The above description is only a preferred embodiment of the present disclosure, and should not be taken as limiting the present disclosure, and any modifications, equivalents, improvements, etc. made within the spirit and principle of the present disclosure should be included in the scope of the present disclosure.

Claims

1. A cloud heterogeneous computing method is characterized by comprising the following steps:

2. The method of claim 1, wherein obtaining, by a local device, user data associated with the current business application comprises:

3. The method according to claim 1 or 2, wherein the user data comprises: and the user executes the habit data of the current business application.

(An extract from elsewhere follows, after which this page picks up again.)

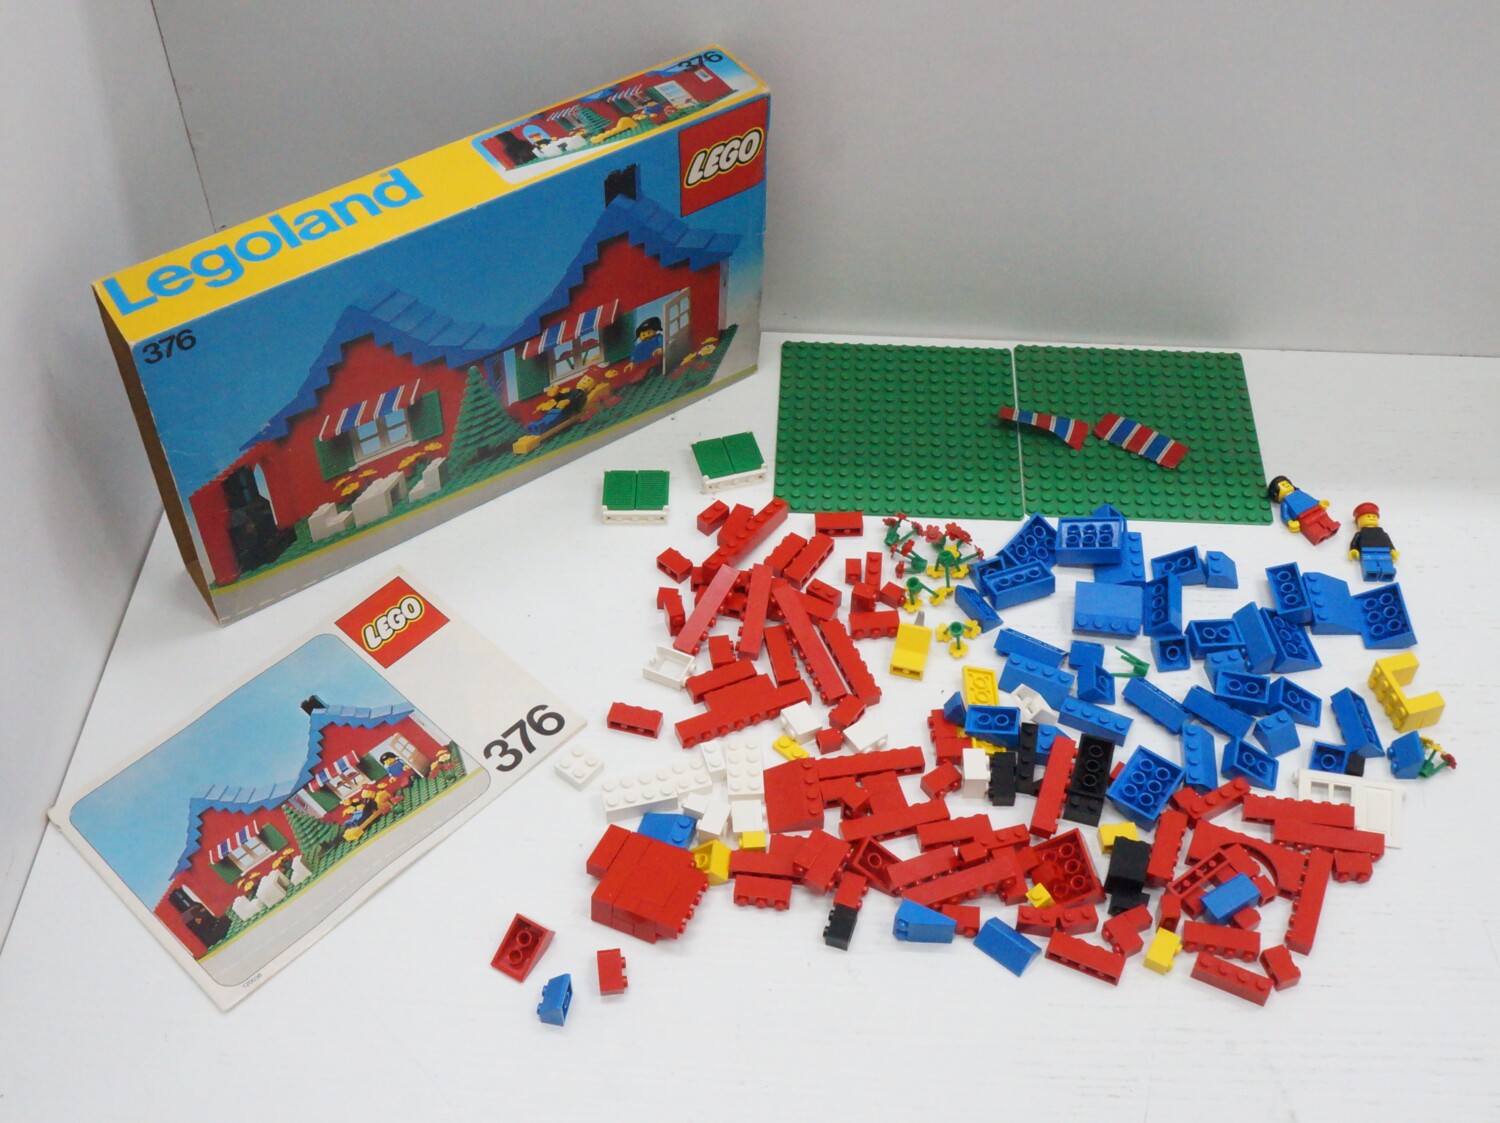 Lego Legoland n. 376 Town House with Garden - Casa con Giardino con  Istruzion
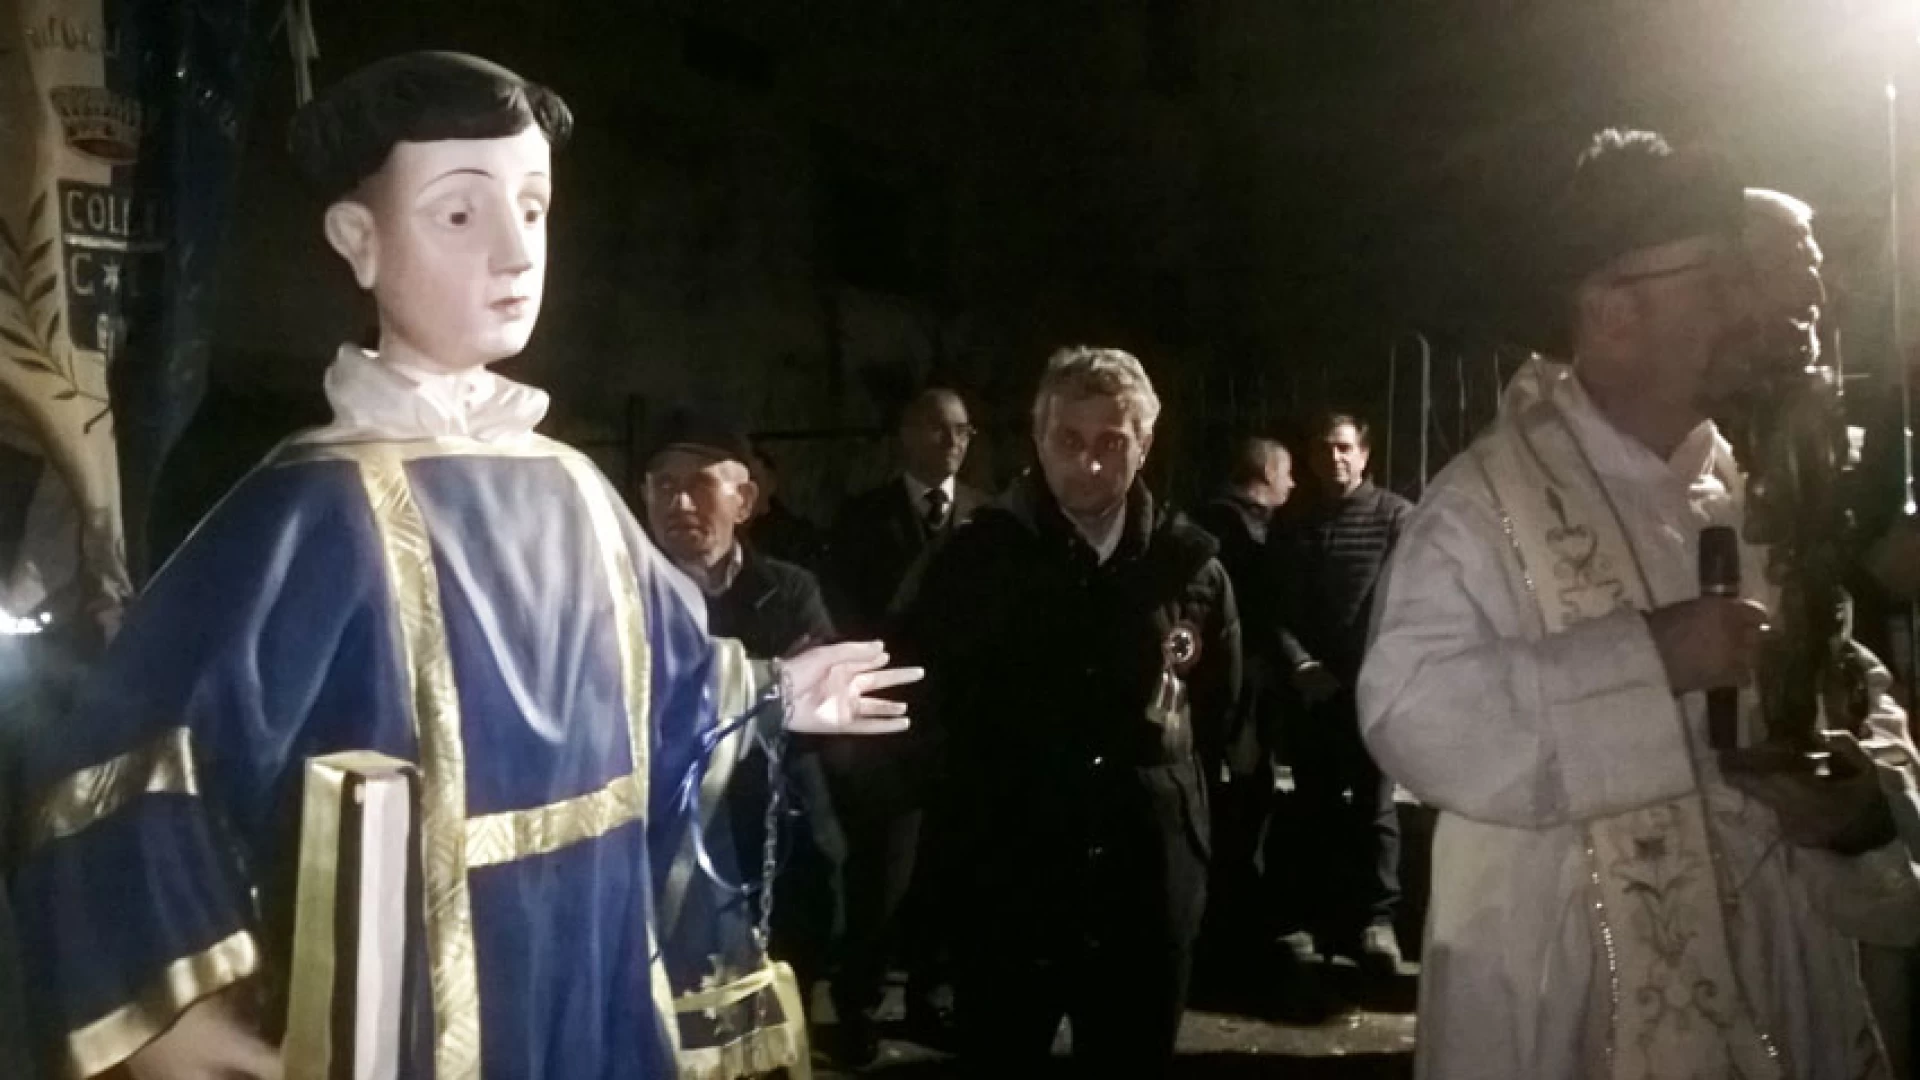 Colli a Volturno: rinnovata la tradizione di San Leonardo. Il paese ha omaggiato il santo patrono con la processione per le vie del paese.

4. The method of claim 1, wherein the computational task to be performed comprises a plurality of subtasks; the method further comprises the following steps: the local device determining priorities of the plurality of subtasks;

5. The method of claim 1 or 4, wherein the local hardware information comprises:

6. The method of claim 1, further comprising:

and displaying the operation information on the cloud processing equipment.

7. The method of claim 1, wherein the local device sends the cloud computing task to a cloud processing device, and the obtaining of the execution result of the cloud computing task sent by the cloud processing device comprises:

8. A local device, comprising:

the acquisition module is further configured to acquire an execution result of the cloud computing task sent by the cloud processing device.

9. An electronic device, comprising:

at least one processor; and

at least one memory communicatively coupled to the processor, wherein:

the memory stores program instructions executable by the processor, the processor invoking the program instructions to perform the method of any of claims 1 to 7.

10. A non-transitory computer-readable storage medium storing computer instructions that cause a computer to perform the method of any one of claims 1 to 7.